Hierbij bied ik u de antwoorden aan op Kamervragen gesteld door mevrouw Van Esch (PvdD) naar aanleiding van het rapport 'Breaking the Plastic Wave'. De vragen zijn 24 augustus 2020 aan de staatssecretaris van Infrastructuur en Waterstaat voorgelegd.

18 september 2020

Kamerstuk: kamervraag

Kamerstuk: kamervraag

Vraag 1

Bent u bekend met het rapport 'Breaking the Plastic Wave'?1

Antwoord 1

Ja.

Vraag 2

Bent u bekend met de conclusie van het rapport dat er in 2040 per jaar 3x zoveel plastic in de oceaan terechtkomt als nu?

Antwoord 2

Ik ben bekend met de conclusies van het rapport. Het belang van het voorkomen van plasticvervuiling is evident en het kabinet zet zich daar actief voor in.

Vraag 3

Bent u bekend met de conclusie van het rapport dat de huidige plannen (zoals o.a. de Europese Single Used Plastic-richtlijn) slechts een reductie in plasticvervuiling van 7% zouden bewerkstelligen?

Antwoord 3

Ja, ik ben bekend met de conclusies van het rapport.

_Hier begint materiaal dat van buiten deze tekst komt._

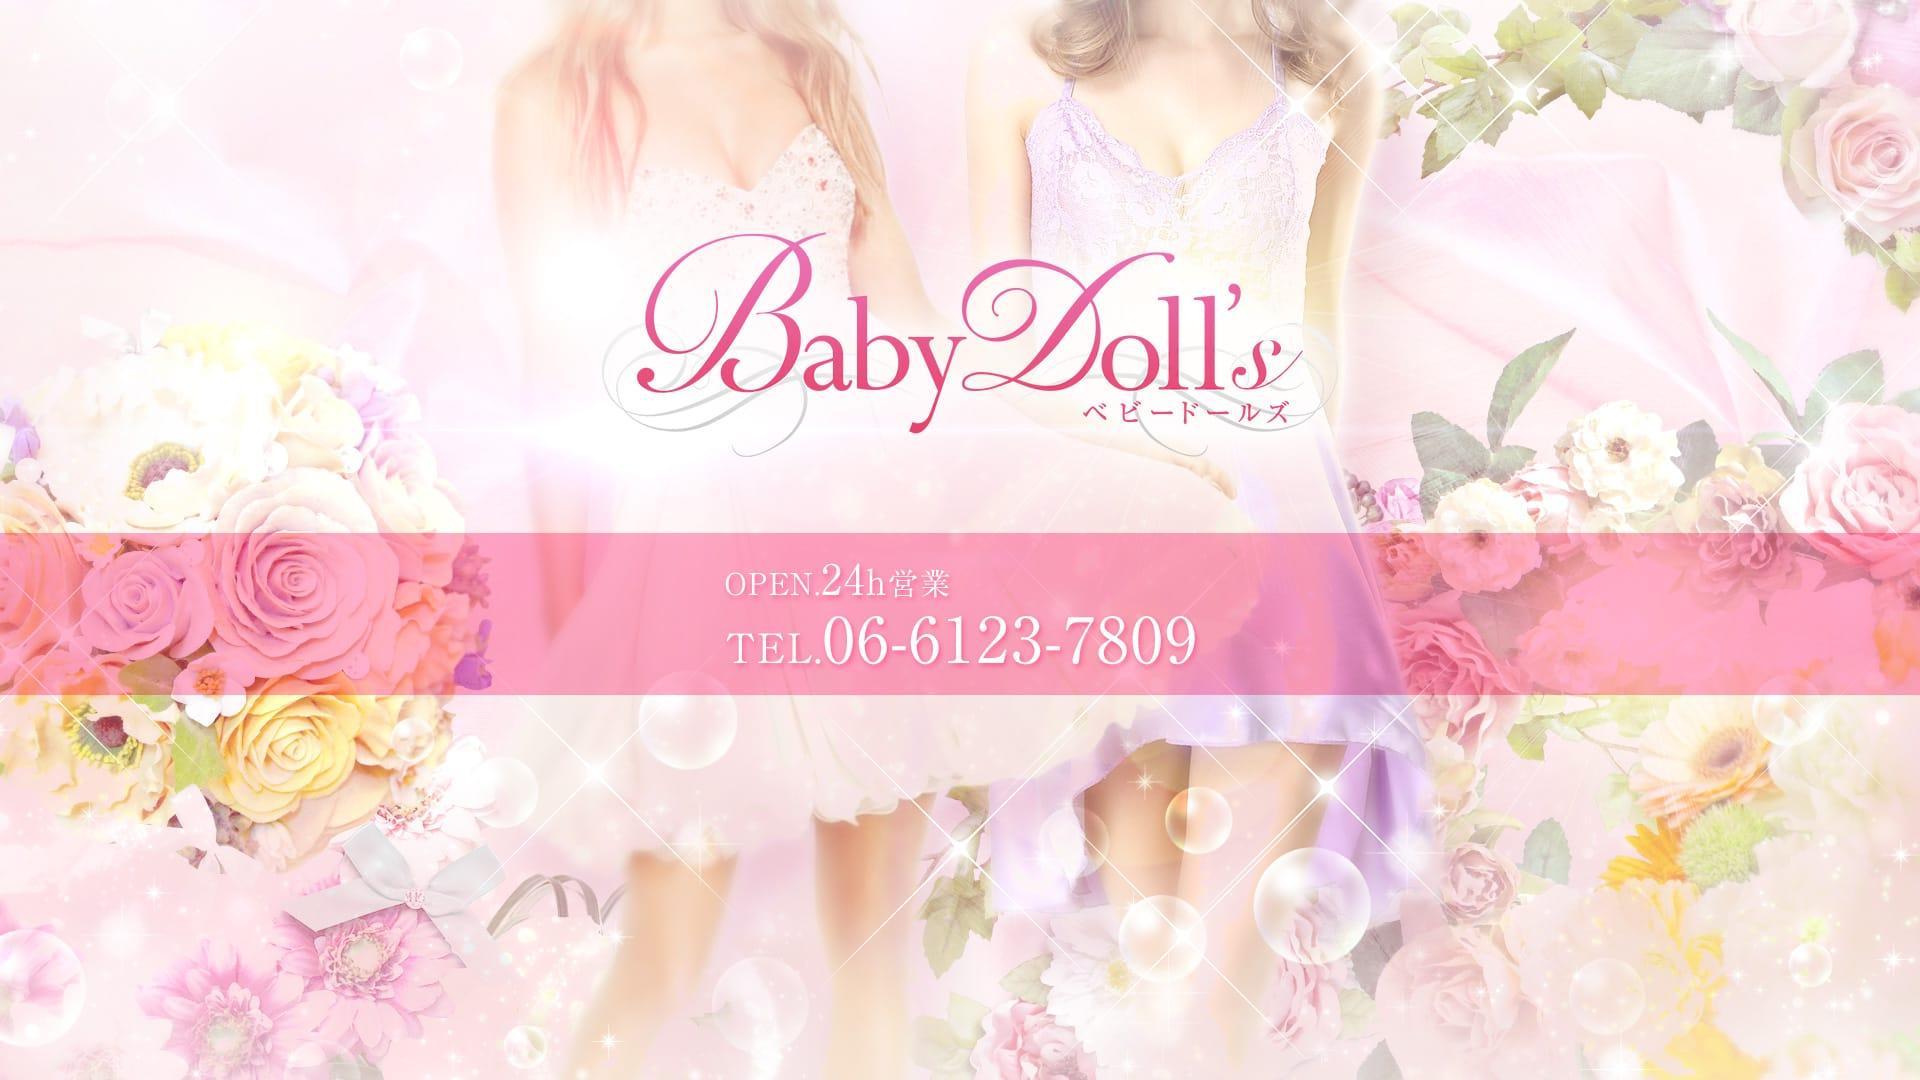 Baby Doll's(ベビードールズ)

Volgens het rapport zou er een reductie van 7% van de mondiale plasticvervuiling worden bereikt bij het mondiaal uitvoeren van de door overheden en bedrijven voorgenomen inzet.

Welke concrete beleidsmaatregelen, relevant voor de Nederlandse of de Europese situatie, door het rapport zijn doorgerekend en welk effect deze sorteren, wordt niet nader gespecificeerd.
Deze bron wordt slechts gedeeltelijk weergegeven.